Nonetheless, this still doesn’t have to discourage British investors. Clearly, the political relationship between Pakistan and the UK are in a good place. For example, as noted by Tweeter glenoglazaSky, Pakistan's Foreign Minister, meeting William Hague, expressed his gratitude to the UK for giving "650 pounds sterling" to the country’s education aid, although the Tweeter did note that she probably meant 650 million pounds sterling! So if Pakistan likes the Brits, it could be a pleasant place for them to take their businesses.

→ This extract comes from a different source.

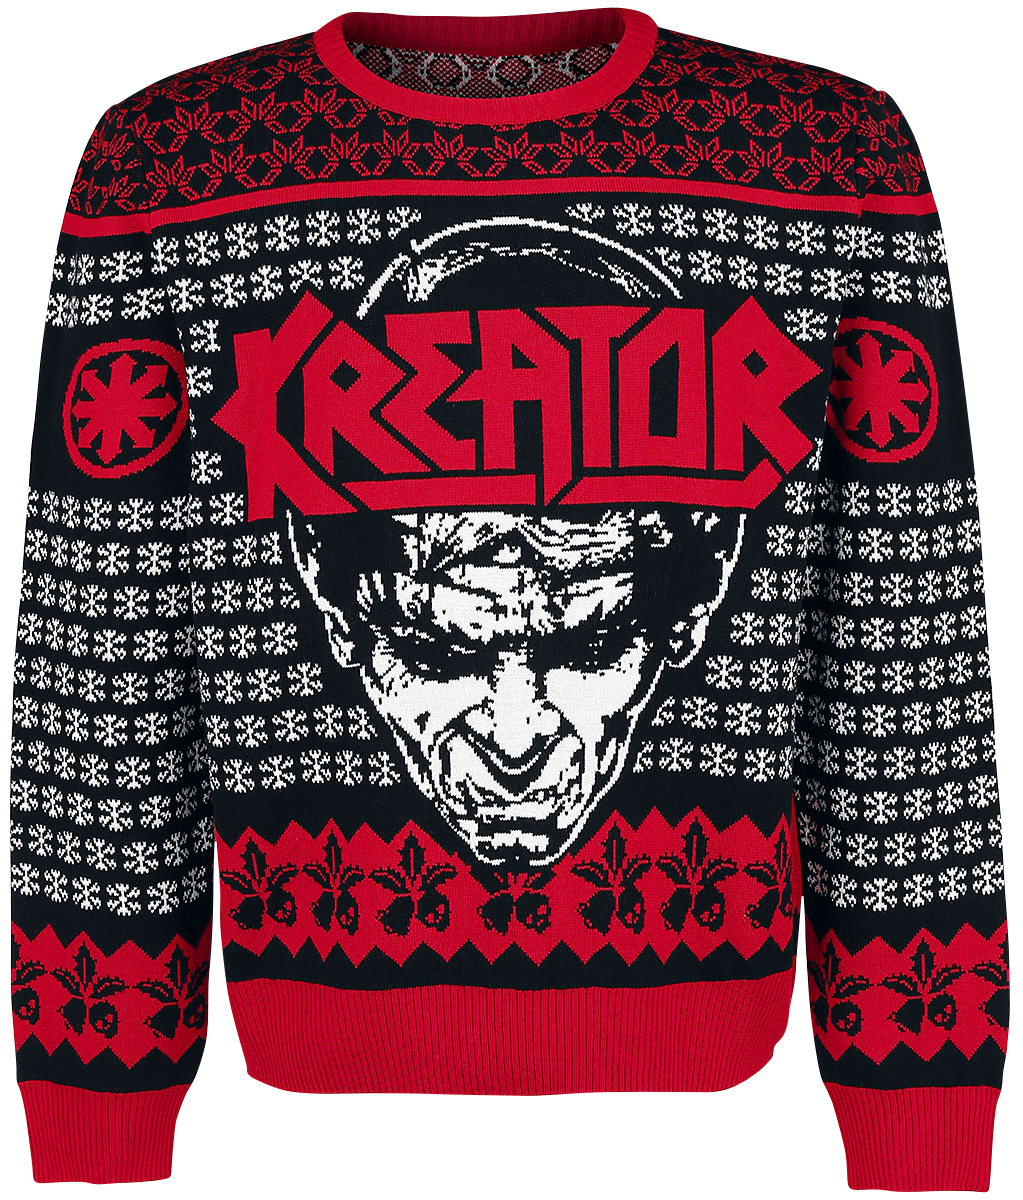 Kreator - Holiday Sweater 2019 - Sweatshirt - multicolour image
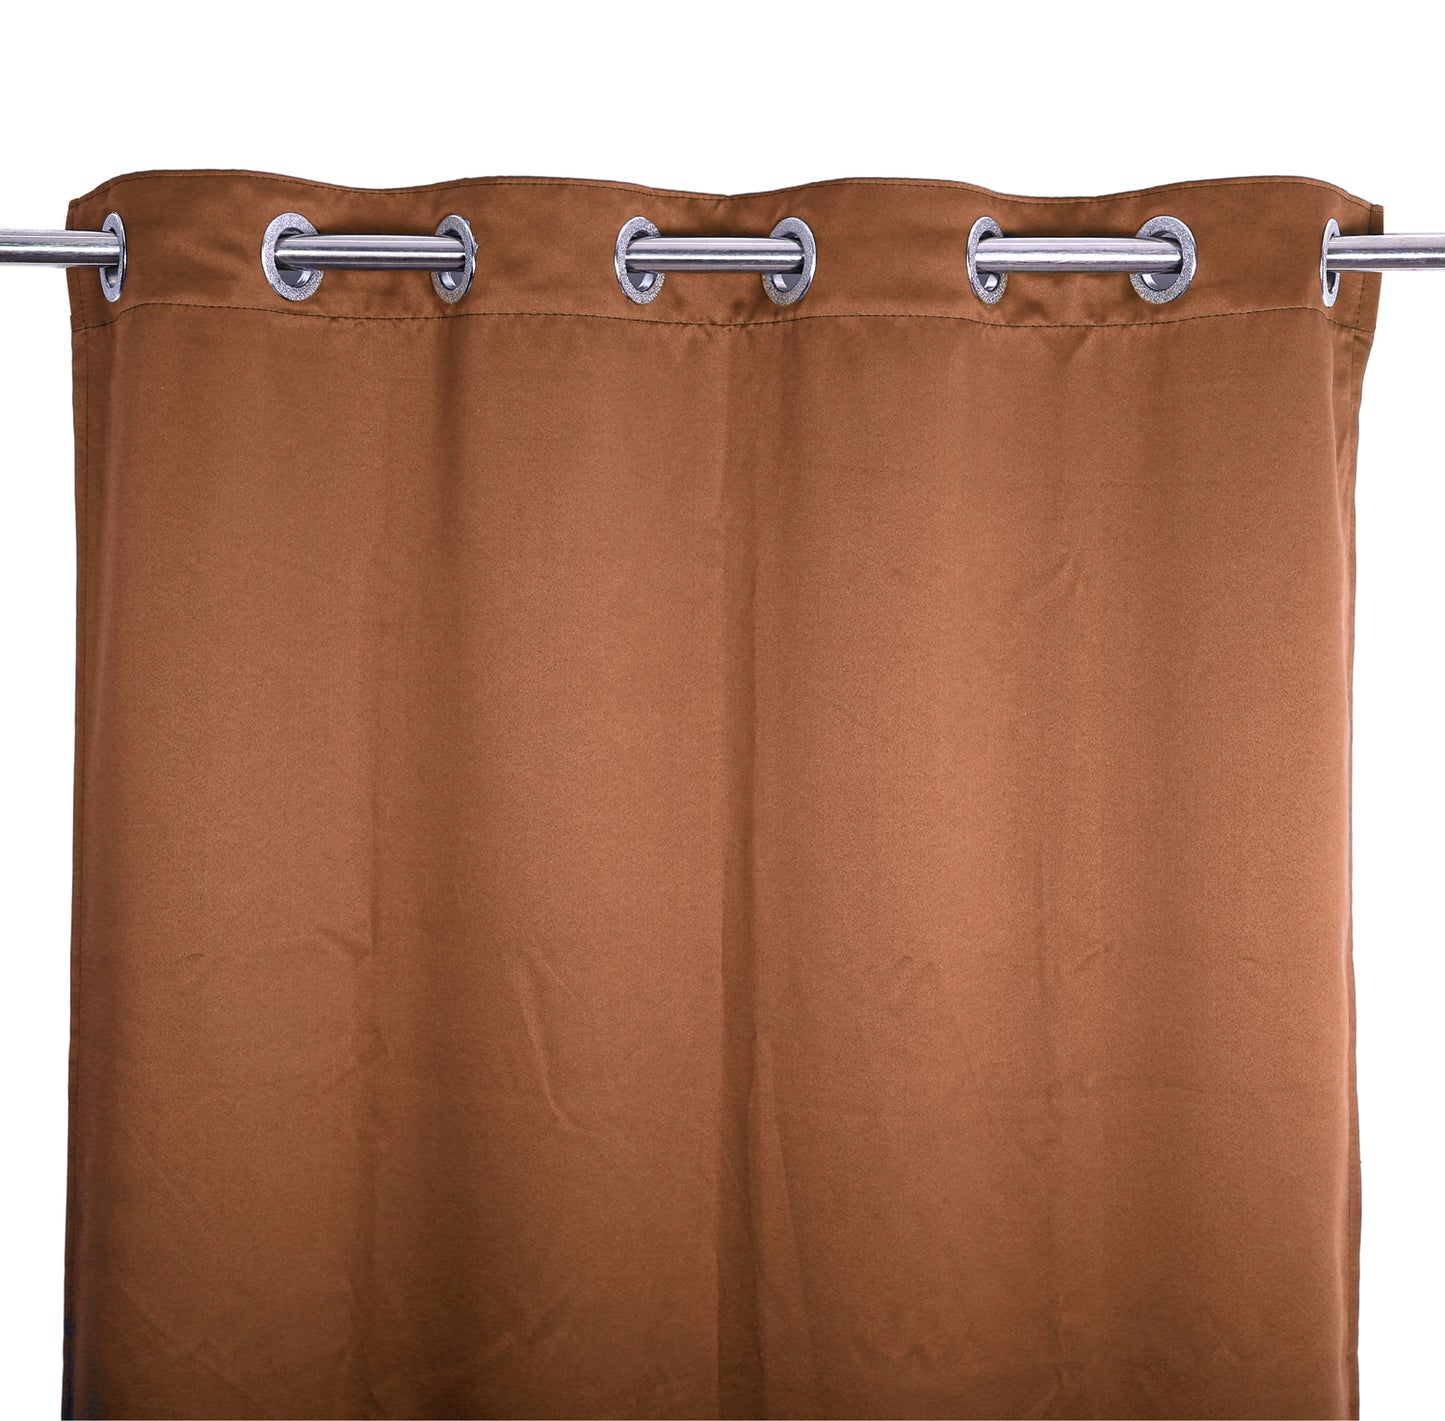 Blackout Plain Curtain - Caramel Brown (Pack of 1)

Global Pakistani Business: Pros and Cons
In the middle of last year, Helen Coster of Forbes took a trip to Pakistan, meeting with members of the Lahore chapter of The Indus Entrepreneurs, an entrepreneurs networking group. She discussed the pros and cons of conducting business in the world’s sixth most highly populated country. There are problems for sure: legalities don’t seem to be implemented – there is somewhat of a free-for-all-anything-goes mentality which certainly doesn’t bode well for foreign investors unfamiliar at best with the workings of the country. It seems there is a large gap in knowledge on who will be there cracking the whip when a contract is broken or business ideas stolen. Further, it’s not easy finding quality workers since many choose to go abroad for jobs. As well, getting a commercial loan is virtually impossible and all this culminates in huge frustration.
Moreover, if you’re Indian, don’t even think about trying to strike it rich in Pakistan. The Reserve Bank of India has forbidden Indian nationals from investing in Pakistan's manufacturing sector. It seems to have made no difference that New Delhi is sticking by its claim that no Pakistan-specific Non-Tariff Barriers (NTBs) have been imposed. It seems a bit bizarre, especially given the fact that those in India are not restricted vis-à-vis making investments in any other part of the world.
So what other hope remains for those seeking to invest in Pakistan? There are some great stories actually. One just has to take a look at what Concentrated Solar Thermal Power has achieved. Head of the company Samir Hoodbhoy initiated and successfully directed the creation of the Central Design Bureau of Pakistan Steel Mills in 1988-92. It wasn’t easy back then, but over the last two decades-plus, he has been able to establish the groundwork for three leading educational institutions in the field of ICT and been on the Board of Advisors of several other civic and educational organizations. In the field of wind power and solar energy, Concentrated Solar Thermal Power technology has been hugely successful, providing an alternative to Photovoltaic cells; boasting conversion efficiencies of 30 per cent. And that’s all in Pakistan – the region we seem to be led to believe is not the place to invest in without a whole lot of trouble and strife.
In conclusion, it seems that yes indeed, there are challenges in Pakistan; no-one can deny that, but as the Chinese symbol of “challenge” states “challenge is the same as opportunity.” Clearly as we have seen, there are plenty of business opportunities in Pakistan as well.